DIALOG BERITA, Kisaran (27 Oktober 2025) – Upaya penyelesaian perselisihan hubungan industrial antara dua karyawan dan manajemen PT Federal International Finance (PT FIF) Cabang Kisaran tampaknya menemui jalan buntu. Hingga menjelang akhir Oktober 2025, permintaan perundingan bipartit yang diajukan oleh Lembaga Bantuan Hukum Konfederasi Serikat Buruh Sejahtera Indonesia (LBH KSBSI) Provinsi Sumatera Utara belum juga direspons oleh pihak perusahaan.
Permintaan bipartit pertama dilayangkan melalui surat resmi pada 17 Oktober 2025, ditujukan langsung kepada pimpinan PT FIF di Jakarta. Surat tersebut berisi permohonan agar manajemen bersedia melakukan perundingan kekeluargaan terkait dugaan pemutusan hubungan kerja (PHK) sepihak dan pemenuhan hak normatif dua karyawan, yakni Syaiful Andi Putra dan Zulfan Rusdi.
Pengurus LBH KSBSI Sumut, Rahmad Syambudi, S.H., menyebut perundingan bipartit dimaksudkan sebagai langkah awal untuk mencari penyelesaian atas hak dan kewajiban antara pekerja dan perusahaan, termasuk pembayaran hak-hak pasca-PHK. “Dalam rangka mencari penyelesaian secara kekeluargaan, kami berharap pimpinan PT FIF dapat meluangkan waktu untuk melakukan perundingan bipartit,” ujar Rahmad.
Namun hingga sepekan kemudian, tidak ada tanggapan dari pihak perusahaan. LBH KSBSI kembali mengirim surat kedua pada 24 Oktober 2025, menegaskan bahwa permintaan bipartit tersebut didasarkan pada kuasa khusus dari para pekerja yang merasa dirugikan. “Sehubungan tidak adanya tanggapan atas permohonan bipartit pertama, kami kembali meminta agar PT FIF bersedia melakukan perundingan bipartit kedua,” tegas Rahmad.
Sayangnya, hingga surat kedua dikirimkan, tidak ada jawaban resmi dari manajemen PT FIF, baik melalui surat, telepon, maupun konfirmasi digital. Padahal, mekanisme bipartit telah diatur dalam Undang-Undang Nomor 2 Tahun 2004 tentang Penyelesaian Perselisihan Hubungan Industrial sebagai tahapan awal penyelesaian sengketa ketenagakerjaan.

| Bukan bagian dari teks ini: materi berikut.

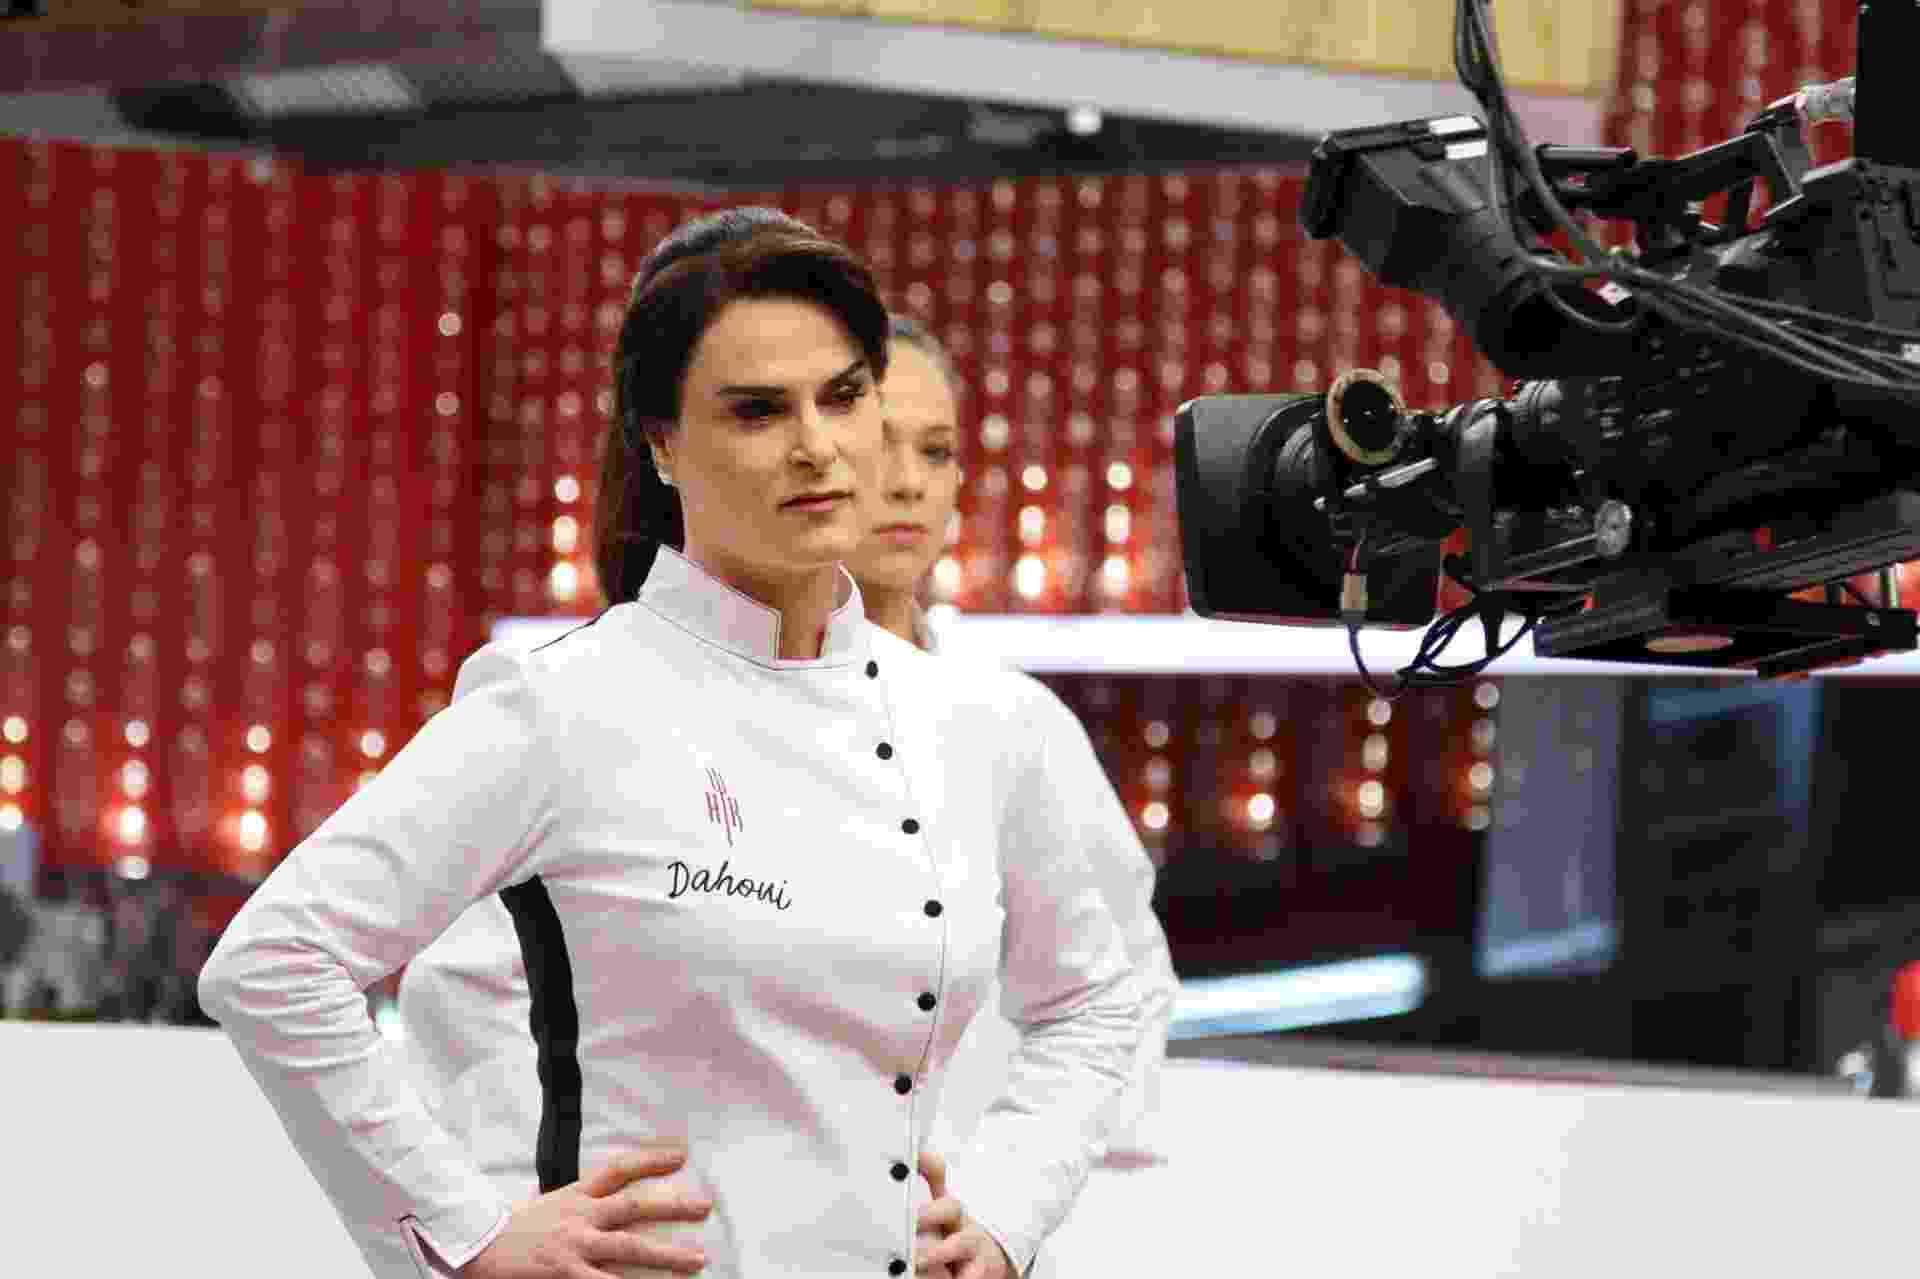 """Chef Danielle Dahoui assume o comando da versão brasileira do """"Hell's Kitchen - Cozinha Sob Pressão"""" - Gabriel Gabe/SBT"""

Kondisi ini, menurut Rahmad, akan mendorong LBH KSBSI untuk mengambil langkah lanjutan. Ia menyebut para buruh siap menggelar aksi unjuk rasa dalam waktu dekat. “Bipartit itu ruang dialog, bukan perlawanan. Tapi kalau pintu dialog ditutup, maka kami akan tempuh jalur lain seperti aksi massa,” katanya saat dihubungi, Senin (27/10/2025).
Berdasarkan informasi yang diterima redaksi, perselisihan ini berawal dari dugaan PHK tanpa dasar hukum yang sah terhadap dua pekerja PT FIF Kisaran. Keduanya merasa diperlakukan tidak adil dan tidak menerima hak normatif seperti pesangon, tunjangan, serta hak-hak lain yang seharusnya diberikan pasca-PHK.
LBH KSBSI Sumut menyatakan akan terus mengawal kasus ini hingga tuntas. Menurut Rahmad, kasus seperti ini bukan hal baru di kalangan serikat buruh. Banyak perusahaan dinilai mengabaikan mekanisme bipartit, padahal tahapan tersebut wajib dilalui sebelum masuk ke mediasi atau pengadilan hubungan industrial.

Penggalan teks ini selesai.